▶ **EXERCISE BRIEF**:
Nothing outside the range below should be printed. Output exactly the lines from the line with "漂亮 春天 花枝 插画" to the line with "В Bugatti Automobiles", both included.

▶ **MATERIAL FOR THE TASK**:
==*==

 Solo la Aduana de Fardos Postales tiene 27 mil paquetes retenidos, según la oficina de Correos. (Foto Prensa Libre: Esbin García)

==*==

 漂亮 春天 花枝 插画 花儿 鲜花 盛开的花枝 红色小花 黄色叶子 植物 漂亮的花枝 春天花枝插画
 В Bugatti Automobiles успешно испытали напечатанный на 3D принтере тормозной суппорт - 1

==*==

▶ **THE ANSWER**:
 漂亮 春天 花枝 插画 花儿 鲜花 盛开的花枝 红色小花 黄色叶子 植物 漂亮的花枝 春天花枝插画
 В Bugatti Automobiles успешно испытали напечатанный на 3D принтере тормозной суппорт - 1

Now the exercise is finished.